Instructions for the task: In this exercise, print only the lines of the records below from the one with "Zwei Malereien auf" through the one with "Superga Shoes Sneakers", inclusive. Pictures are not part of the copy.

Input:
**********
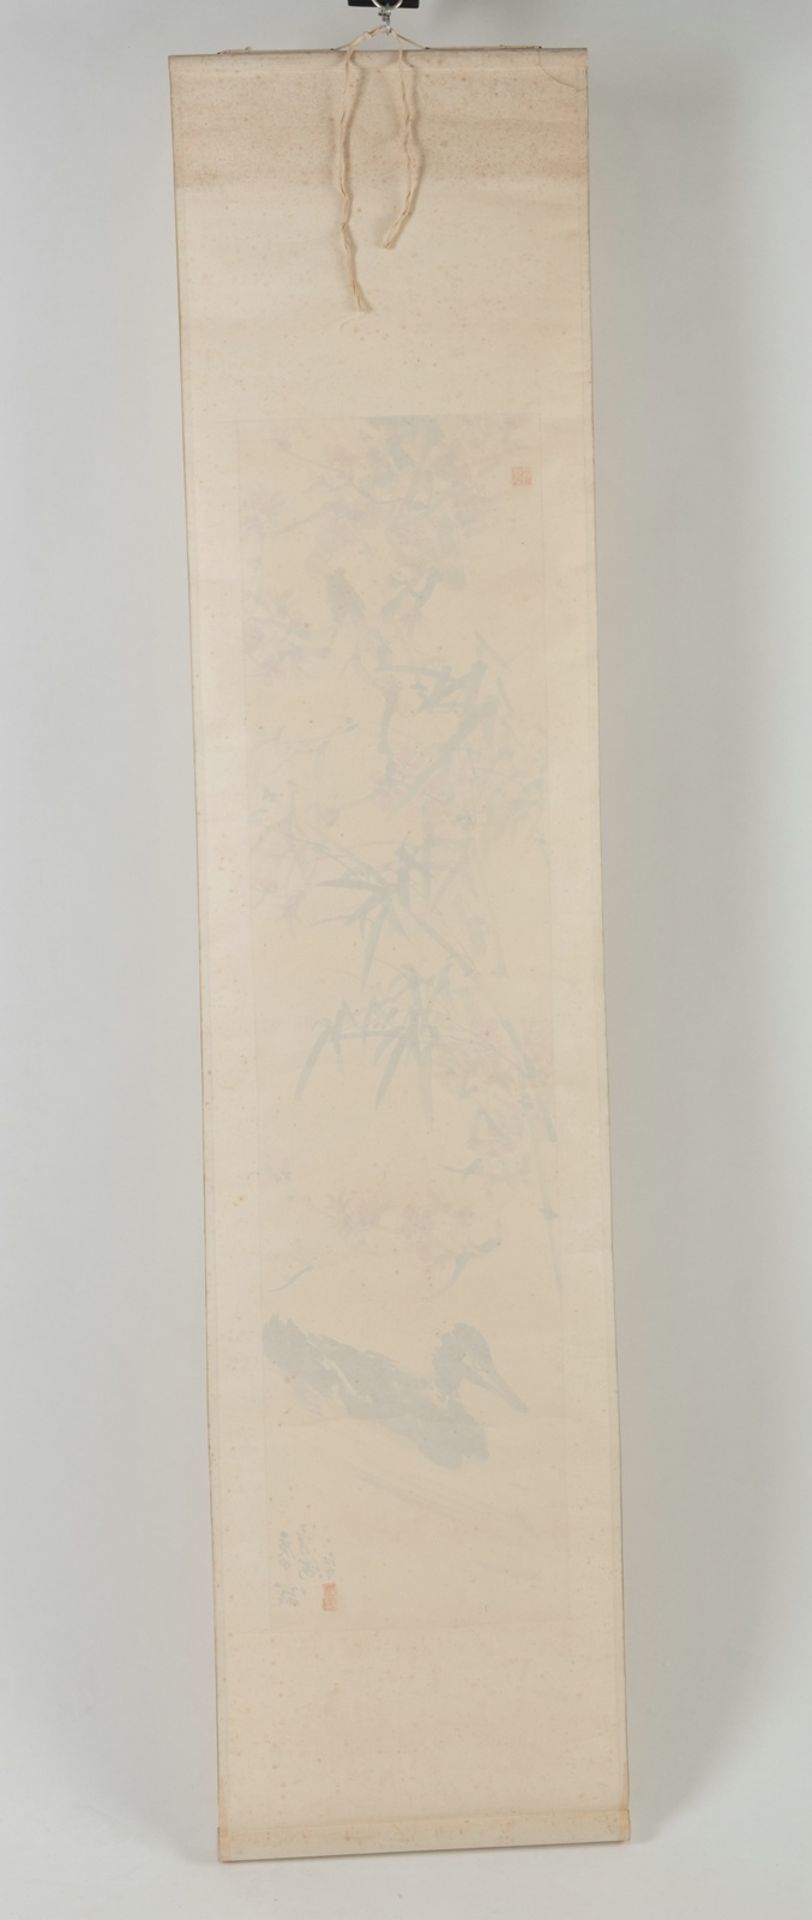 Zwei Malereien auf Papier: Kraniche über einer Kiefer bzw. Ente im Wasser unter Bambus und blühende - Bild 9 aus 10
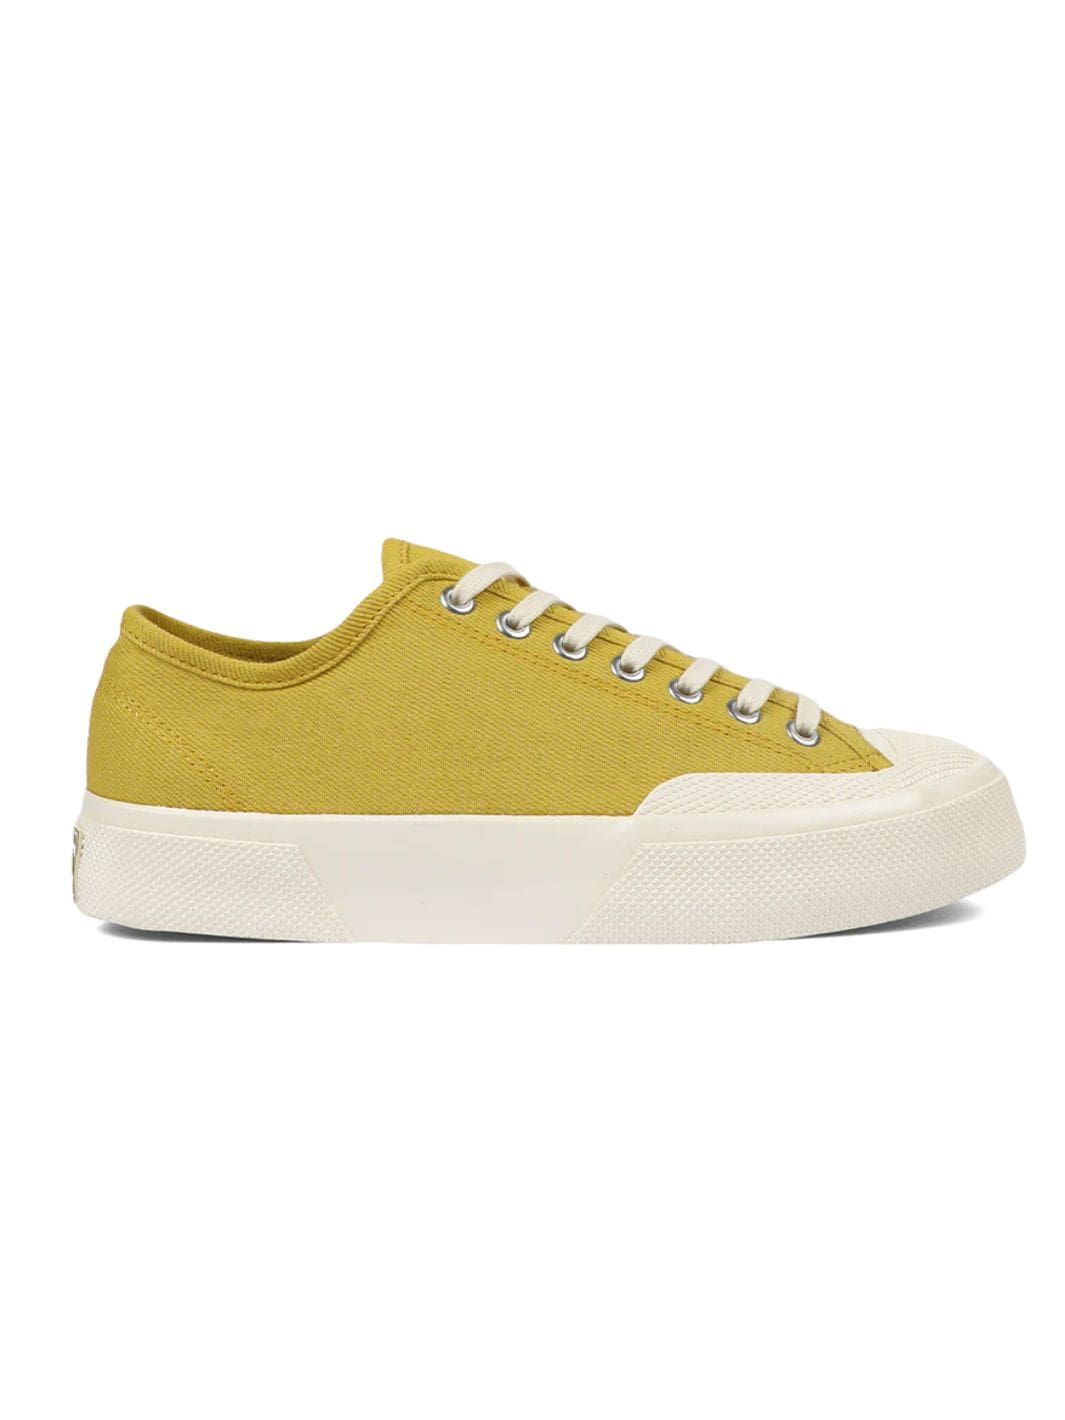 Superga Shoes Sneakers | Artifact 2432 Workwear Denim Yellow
**********
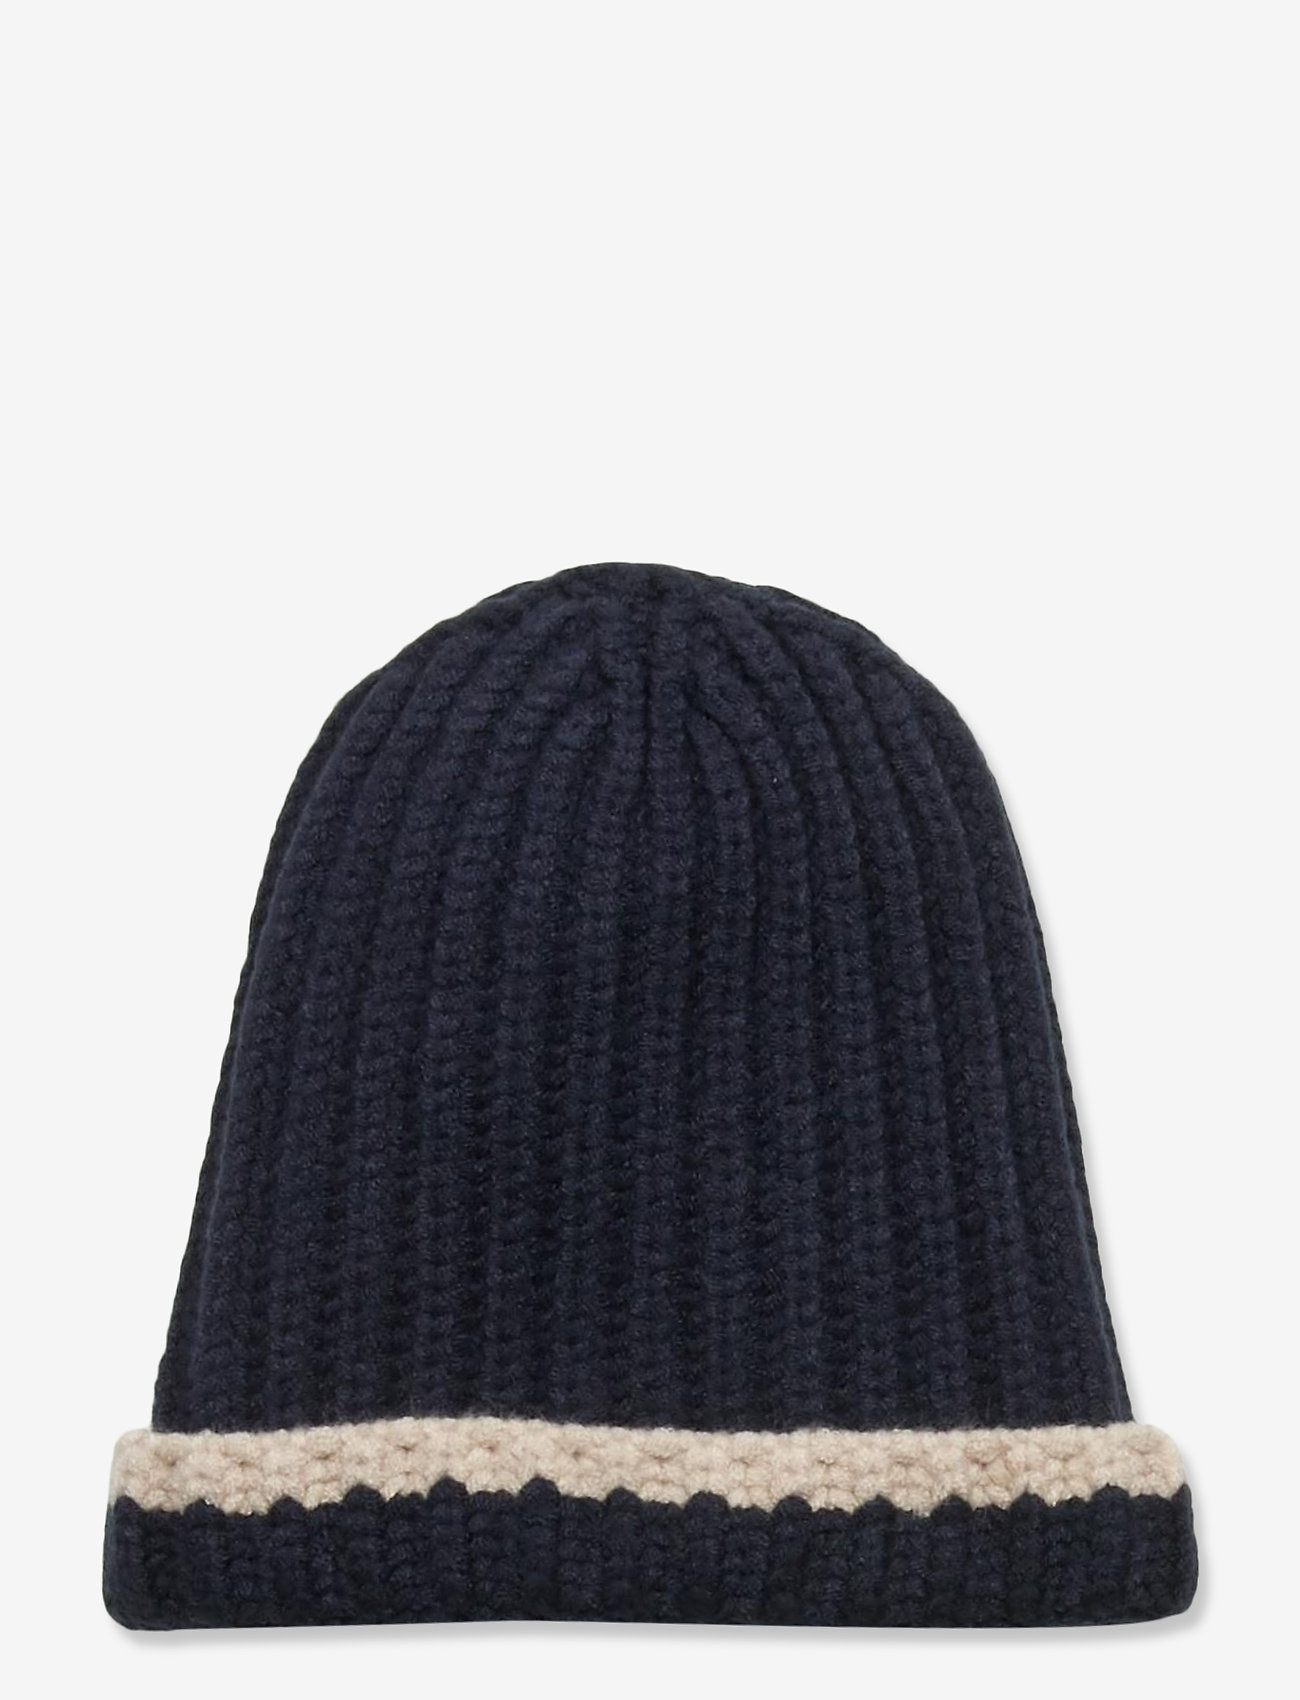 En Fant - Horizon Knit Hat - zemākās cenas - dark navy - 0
**********
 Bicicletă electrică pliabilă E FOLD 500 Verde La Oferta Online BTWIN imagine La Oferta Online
**********
Answer for this exercise:
 Zwei Malereien auf Papier: Kraniche über einer Kiefer bzw. Ente im Wasser unter Bambus und blühende - Bild 9 aus 10
 Superga Shoes Sneakers | Artifact 2432 Workwear Denim Yellow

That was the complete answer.